Exercise data:
········

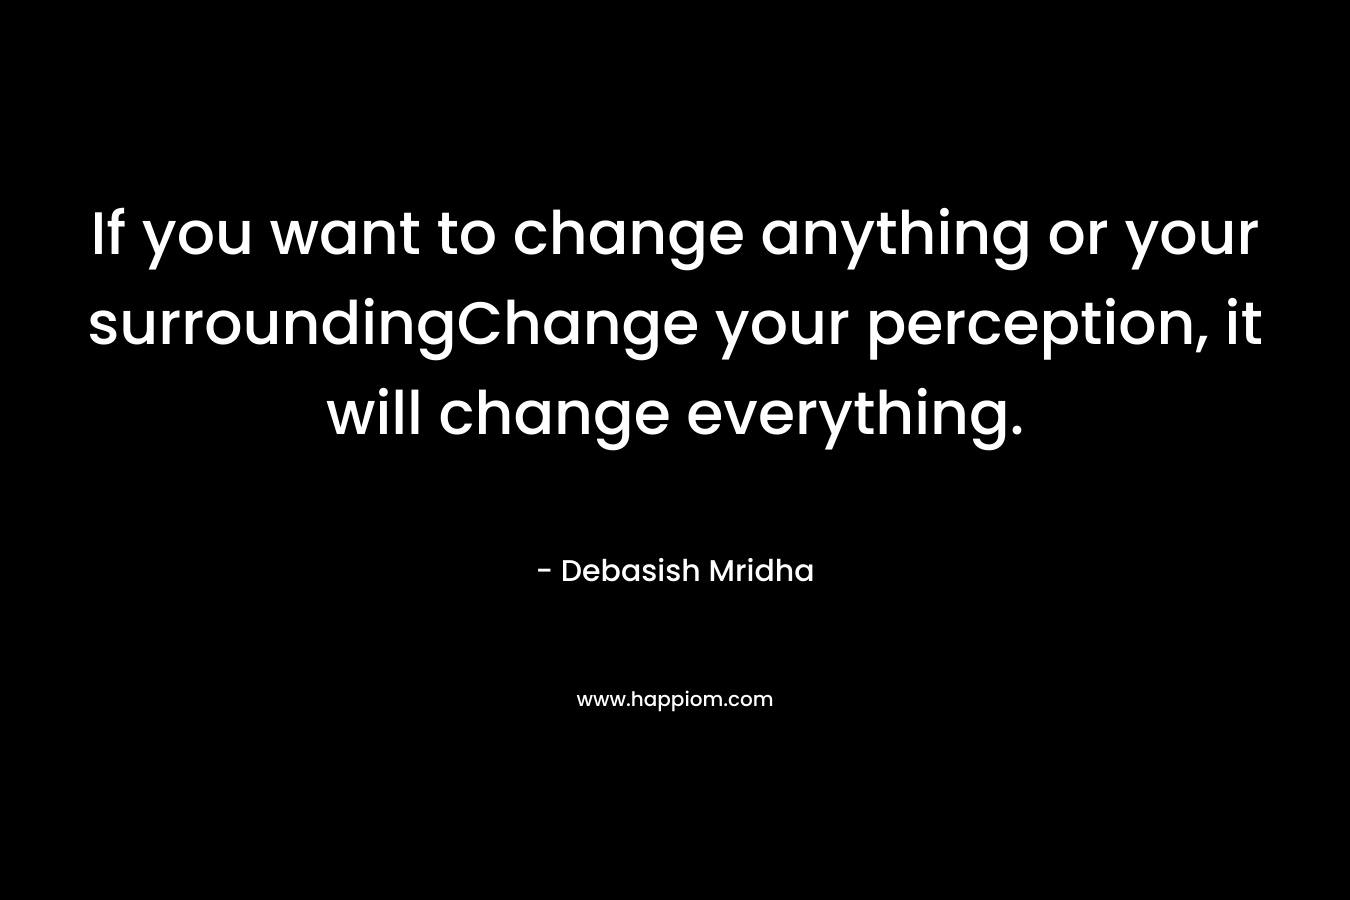 If you want to change anything or your surroundingChange your perception, it will change everything. – Debasish Mridha
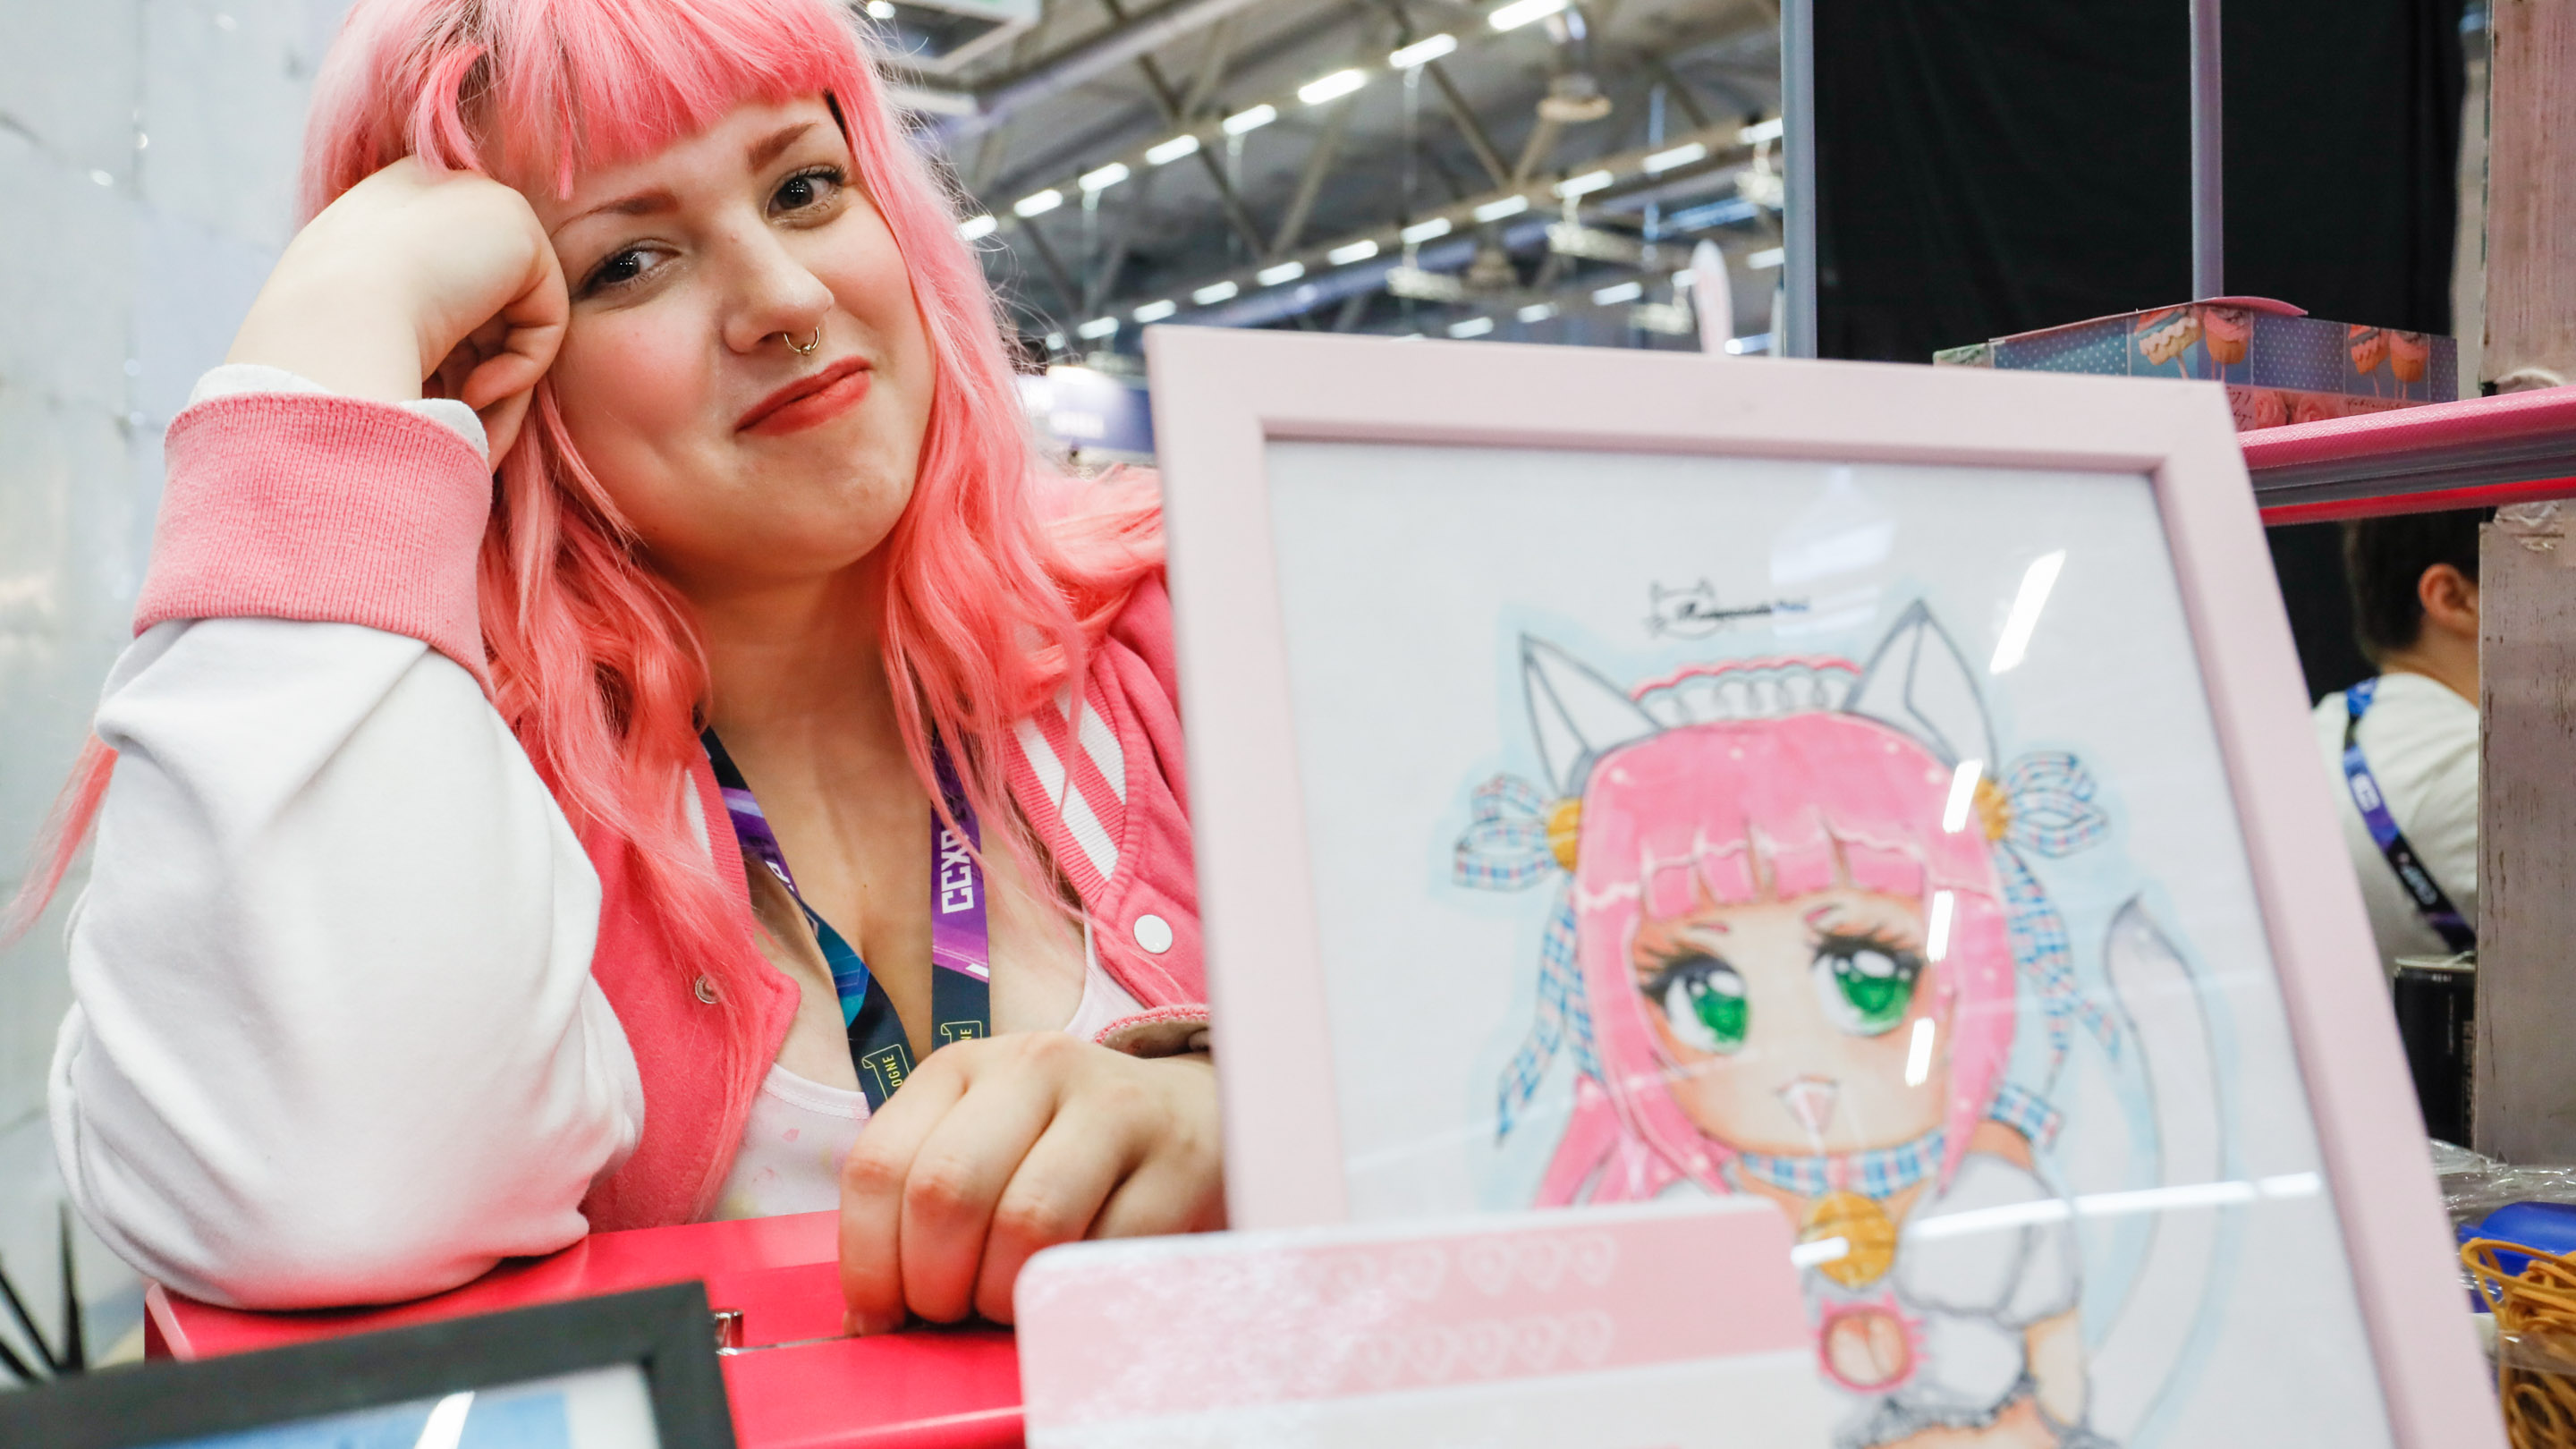 Cosplayer, Halle 7, Comic Con Experience 2019
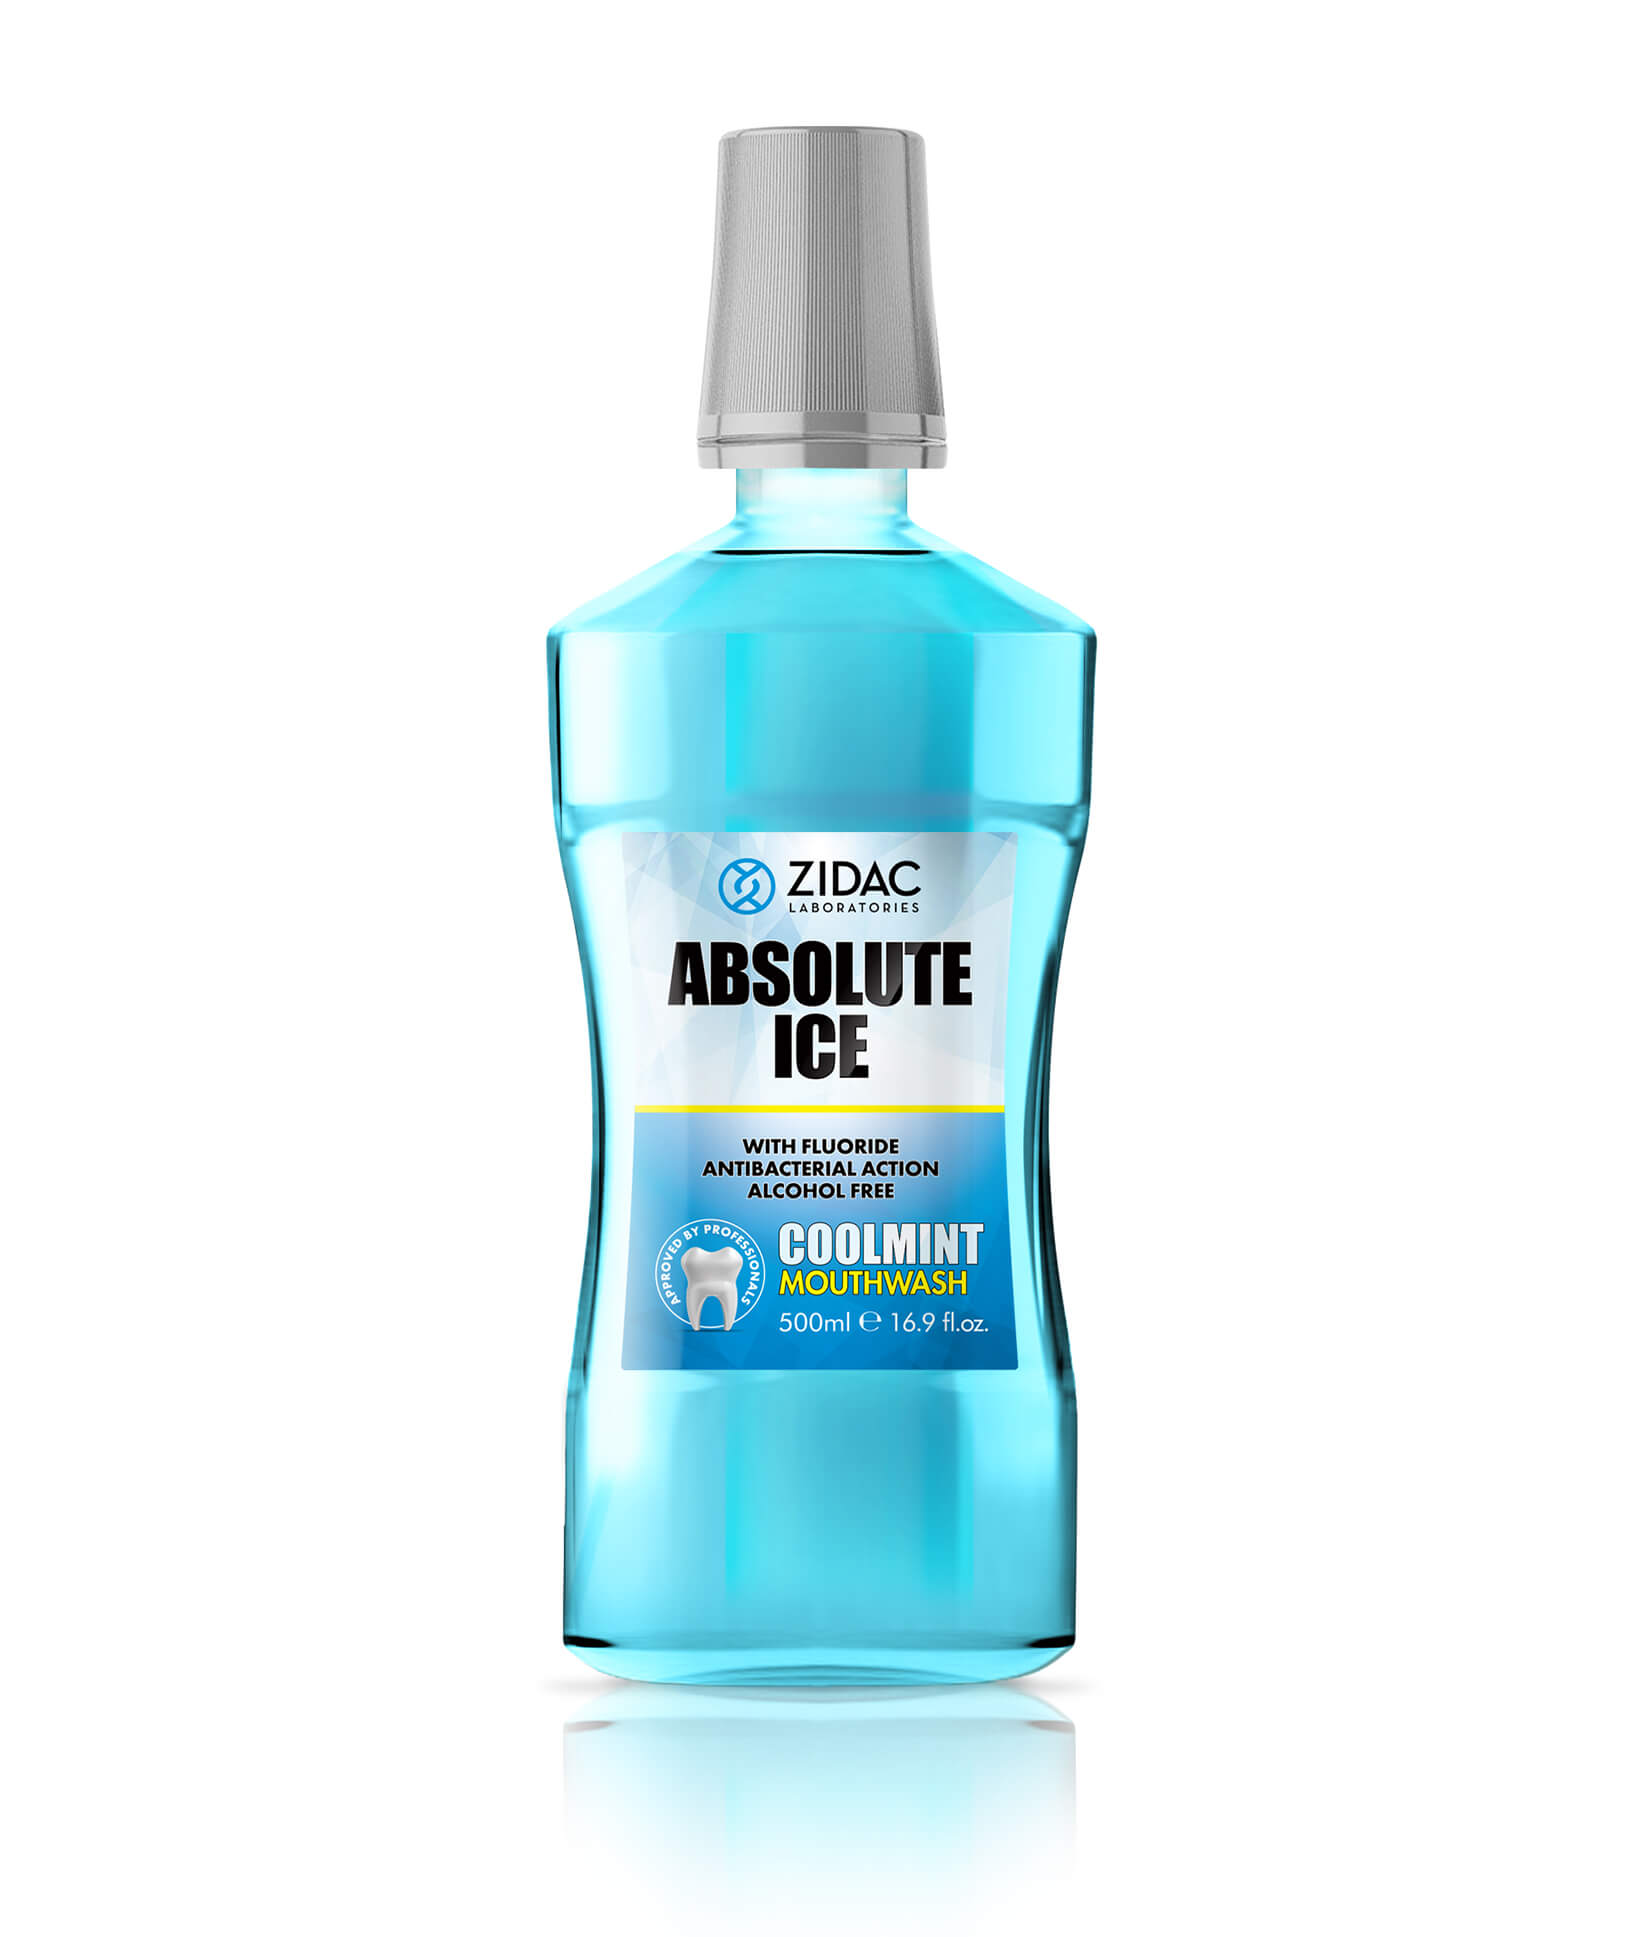 Absolute Ice Coolmint Mouthwash | Zidac

········

What is expected:
Set down exactly, line for line, the data from the line that contains "Cosplayer, Halle 7, Comic" through its last line, keeping pictures out.

Task response:
 Cosplayer, Halle 7, Comic Con Experience 2019
 Absolute Ice Coolmint Mouthwash | Zidac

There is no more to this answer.